Applying for Schengen Visa after Rejection: Which Embassy is easiest for re-entry?

Greetings all.

I am writing to inquire about the procedural admissibility of submitting a new Schengen visa application immediately following a refusal.

I recently applied for a tourist visa through the Netherlands Embassy here in Jakarta to visit European museums, but I was informed yesterday that my application was refused. The refusal letter cited “reasonable doubt regarding your intention to leave the territory of the Member States before the expiry of the visa.”

In order to comply with the application requirements, I had submitted my leave approval from the civil service and bank statements, but I suspect the lack of distinct travel history to the zone played a role.
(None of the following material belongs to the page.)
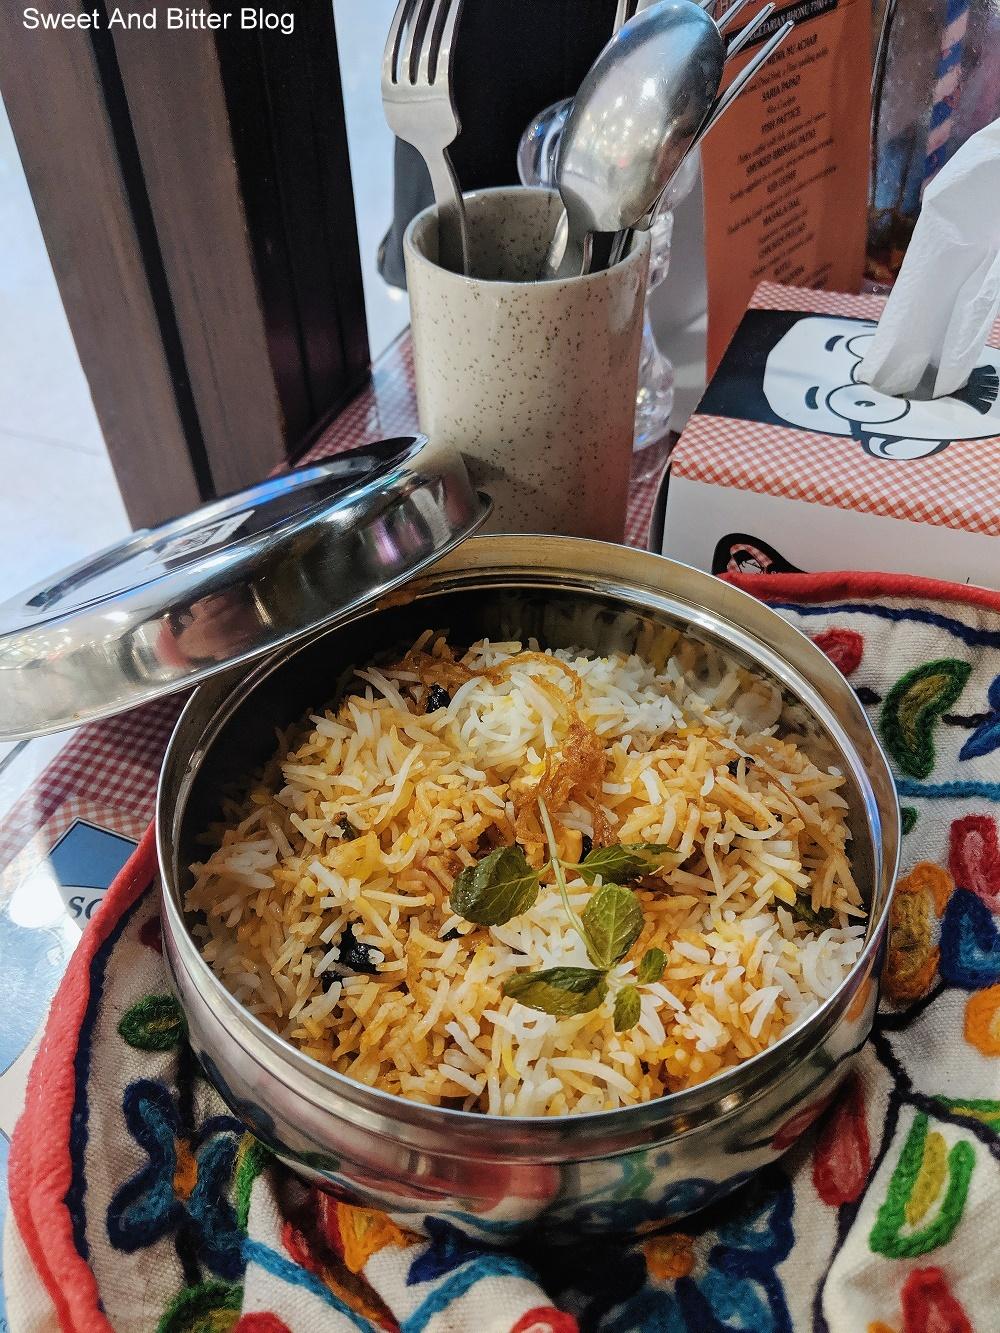 SodaBottleOpenerWala Berry Pulao Parsi Food Delhi

I was not effectively allowed to explain my itinerary during the submission.

Could you please advise on the following:

  1. Is there a mandatory “cooling-off” period I must observe, or can I file a new application immediately?
  2. If I reapply specifically to the same embassy, will it automatically result in another rejection without new evidence?

Thank you kindly for your guidance on this matter.

Realizing this is often a point of confusion for many first-time applicants, it is important to clarify that this is not a legal ban, but rather an administrative refusal.

Here’s the clear, practical answer:

  • There is no mandatory cooling-off period. You’re allowed to reapply immediately under Schengen rules.

  • However, reapplying to the same embassy without new, stronger evidence very often leads to another refusal.

For the refusal reason you got (“reasonable doubt you will leave”):

  • Leave approval + bank statements alone are often not enough, especially with limited or no Schengen travel history.

  • The issue is usually ties and credibility, not paperwork volume.

If you reapply:

  • You must show material changes (e.g. stronger employment proof, clearer travel history elsewhere, simpler itinerary, stronger evidence of ongoing obligations in Indonesia).

  • If nothing meaningfully changes, the embassy will likely reach the same conclusion, not because of an automatic flag, but because the risk assessment hasn’t improved.

You can reapply immediately, but you shouldn’t unless you can clearly strengthen the “intent to return” aspect. Otherwise, waiting and rebuilding your profile is the safer move.

Think ahead. A second rejection within two weeks suggests desperation, which only validates their initial suspicion that you intend to overstay.